'''

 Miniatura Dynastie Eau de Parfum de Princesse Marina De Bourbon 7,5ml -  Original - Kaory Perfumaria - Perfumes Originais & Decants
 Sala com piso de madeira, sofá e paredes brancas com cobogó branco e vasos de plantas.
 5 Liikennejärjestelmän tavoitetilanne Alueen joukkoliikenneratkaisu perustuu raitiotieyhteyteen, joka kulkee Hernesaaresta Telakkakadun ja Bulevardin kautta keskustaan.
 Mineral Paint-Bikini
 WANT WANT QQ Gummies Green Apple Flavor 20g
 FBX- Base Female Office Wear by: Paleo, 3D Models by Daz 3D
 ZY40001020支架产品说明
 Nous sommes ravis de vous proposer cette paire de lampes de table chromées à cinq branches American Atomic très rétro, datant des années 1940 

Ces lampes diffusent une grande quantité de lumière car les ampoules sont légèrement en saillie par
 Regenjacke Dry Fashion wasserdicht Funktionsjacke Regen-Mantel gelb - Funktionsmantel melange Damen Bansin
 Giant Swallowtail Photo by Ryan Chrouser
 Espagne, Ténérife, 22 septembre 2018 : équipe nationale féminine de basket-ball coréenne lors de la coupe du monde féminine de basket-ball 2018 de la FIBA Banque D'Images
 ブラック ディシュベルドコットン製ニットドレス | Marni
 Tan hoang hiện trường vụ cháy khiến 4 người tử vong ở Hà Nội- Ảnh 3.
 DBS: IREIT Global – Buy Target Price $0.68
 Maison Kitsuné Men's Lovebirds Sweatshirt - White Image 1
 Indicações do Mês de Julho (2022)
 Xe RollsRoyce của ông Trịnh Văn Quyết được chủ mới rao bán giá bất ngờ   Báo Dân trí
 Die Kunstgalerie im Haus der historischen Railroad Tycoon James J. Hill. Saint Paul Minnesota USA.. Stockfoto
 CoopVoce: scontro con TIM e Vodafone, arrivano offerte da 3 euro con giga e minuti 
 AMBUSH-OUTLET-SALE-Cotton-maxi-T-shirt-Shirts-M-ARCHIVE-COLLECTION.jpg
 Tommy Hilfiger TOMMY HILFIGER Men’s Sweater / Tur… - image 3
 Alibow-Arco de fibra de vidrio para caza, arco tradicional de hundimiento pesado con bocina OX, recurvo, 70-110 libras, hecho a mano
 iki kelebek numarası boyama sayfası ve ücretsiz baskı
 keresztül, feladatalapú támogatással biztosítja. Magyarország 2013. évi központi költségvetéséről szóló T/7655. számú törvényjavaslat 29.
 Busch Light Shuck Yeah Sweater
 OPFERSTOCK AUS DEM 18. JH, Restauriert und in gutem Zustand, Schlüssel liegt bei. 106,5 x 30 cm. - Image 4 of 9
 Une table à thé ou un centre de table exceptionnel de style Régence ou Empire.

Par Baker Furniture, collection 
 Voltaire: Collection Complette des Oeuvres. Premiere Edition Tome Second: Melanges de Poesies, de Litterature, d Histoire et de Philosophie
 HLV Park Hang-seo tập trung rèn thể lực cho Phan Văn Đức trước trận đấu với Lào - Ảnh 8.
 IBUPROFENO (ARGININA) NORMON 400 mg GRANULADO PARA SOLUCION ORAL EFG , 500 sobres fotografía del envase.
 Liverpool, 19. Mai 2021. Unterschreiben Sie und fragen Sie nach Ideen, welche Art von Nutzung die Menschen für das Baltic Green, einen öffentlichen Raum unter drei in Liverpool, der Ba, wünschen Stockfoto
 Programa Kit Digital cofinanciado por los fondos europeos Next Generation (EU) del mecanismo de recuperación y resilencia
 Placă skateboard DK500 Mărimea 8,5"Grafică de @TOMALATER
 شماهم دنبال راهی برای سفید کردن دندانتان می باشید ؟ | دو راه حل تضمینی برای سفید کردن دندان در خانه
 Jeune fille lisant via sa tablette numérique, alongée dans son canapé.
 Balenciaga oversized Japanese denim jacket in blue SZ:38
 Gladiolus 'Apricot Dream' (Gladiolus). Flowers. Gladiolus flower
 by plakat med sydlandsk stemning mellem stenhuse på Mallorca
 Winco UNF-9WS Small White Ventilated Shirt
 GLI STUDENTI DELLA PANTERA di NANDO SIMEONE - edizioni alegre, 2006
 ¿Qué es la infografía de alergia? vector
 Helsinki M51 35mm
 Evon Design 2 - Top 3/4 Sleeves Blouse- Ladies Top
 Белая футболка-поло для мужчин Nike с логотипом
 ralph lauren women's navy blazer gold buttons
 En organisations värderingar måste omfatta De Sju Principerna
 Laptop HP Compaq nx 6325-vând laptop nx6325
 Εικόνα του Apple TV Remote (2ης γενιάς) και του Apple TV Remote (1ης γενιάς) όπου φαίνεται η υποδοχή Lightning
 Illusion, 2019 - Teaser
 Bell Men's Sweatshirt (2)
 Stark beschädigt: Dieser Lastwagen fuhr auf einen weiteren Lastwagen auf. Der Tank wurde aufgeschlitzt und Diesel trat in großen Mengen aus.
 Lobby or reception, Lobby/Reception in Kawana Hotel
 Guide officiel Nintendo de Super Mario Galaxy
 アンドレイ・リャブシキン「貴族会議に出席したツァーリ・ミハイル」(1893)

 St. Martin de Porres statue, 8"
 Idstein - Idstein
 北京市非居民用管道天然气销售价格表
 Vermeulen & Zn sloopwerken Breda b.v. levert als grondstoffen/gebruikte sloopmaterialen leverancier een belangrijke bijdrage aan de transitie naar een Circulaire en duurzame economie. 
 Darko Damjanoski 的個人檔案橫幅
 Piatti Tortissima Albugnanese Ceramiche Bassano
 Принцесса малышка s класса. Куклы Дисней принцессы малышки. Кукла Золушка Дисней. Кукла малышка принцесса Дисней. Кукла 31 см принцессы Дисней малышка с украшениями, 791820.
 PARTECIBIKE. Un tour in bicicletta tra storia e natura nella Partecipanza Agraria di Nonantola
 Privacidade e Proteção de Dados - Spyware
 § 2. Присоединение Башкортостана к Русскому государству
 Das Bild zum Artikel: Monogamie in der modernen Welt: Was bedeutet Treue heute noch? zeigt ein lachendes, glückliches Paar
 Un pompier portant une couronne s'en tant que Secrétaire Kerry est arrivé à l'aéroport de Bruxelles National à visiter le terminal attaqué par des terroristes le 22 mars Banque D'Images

'''

=== EXERCISE OBJECTIVE ===
Copy the records above exactly, beginning at the line that contains "Εικόνα του Apple" and stopping after the line that contains "к Русскому государству".

=== FINAL ANSWER ===
 Εικόνα του Apple TV Remote (2ης γενιάς) και του Apple TV Remote (1ης γενιάς) όπου φαίνεται η υποδοχή Lightning
 Illusion, 2019 - Teaser
 Bell Men's Sweatshirt (2)
 Stark beschädigt: Dieser Lastwagen fuhr auf einen weiteren Lastwagen auf. Der Tank wurde aufgeschlitzt und Diesel trat in großen Mengen aus.
 Lobby or reception, Lobby/Reception in Kawana Hotel
 Guide officiel Nintendo de Super Mario Galaxy
 アンドレイ・リャブシキン「貴族会議に出席したツァーリ・ミハイル」(1893)

 St. Martin de Porres statue, 8"
 Idstein - Idstein
 北京市非居民用管道天然气销售价格表
 Vermeulen & Zn sloopwerken Breda b.v. levert als grondstoffen/gebruikte sloopmaterialen leverancier een belangrijke bijdrage aan de transitie naar een Circulaire en duurzame economie. 
 Darko Damjanoski 的個人檔案橫幅
 Piatti Tortissima Albugnanese Ceramiche Bassano
 Принцесса малышка s класса. Куклы Дисней принцессы малышки. Кукла Золушка Дисней. Кукла малышка принцесса Дисней. Кукла 31 см принцессы Дисней малышка с украшениями, 791820.
 PARTECIBIKE. Un tour in bicicletta tra storia e natura nella Partecipanza Agraria di Nonantola
 Privacidade e Proteção de Dados - Spyware
 § 2. Присоединение Башкортостана к Русскому государству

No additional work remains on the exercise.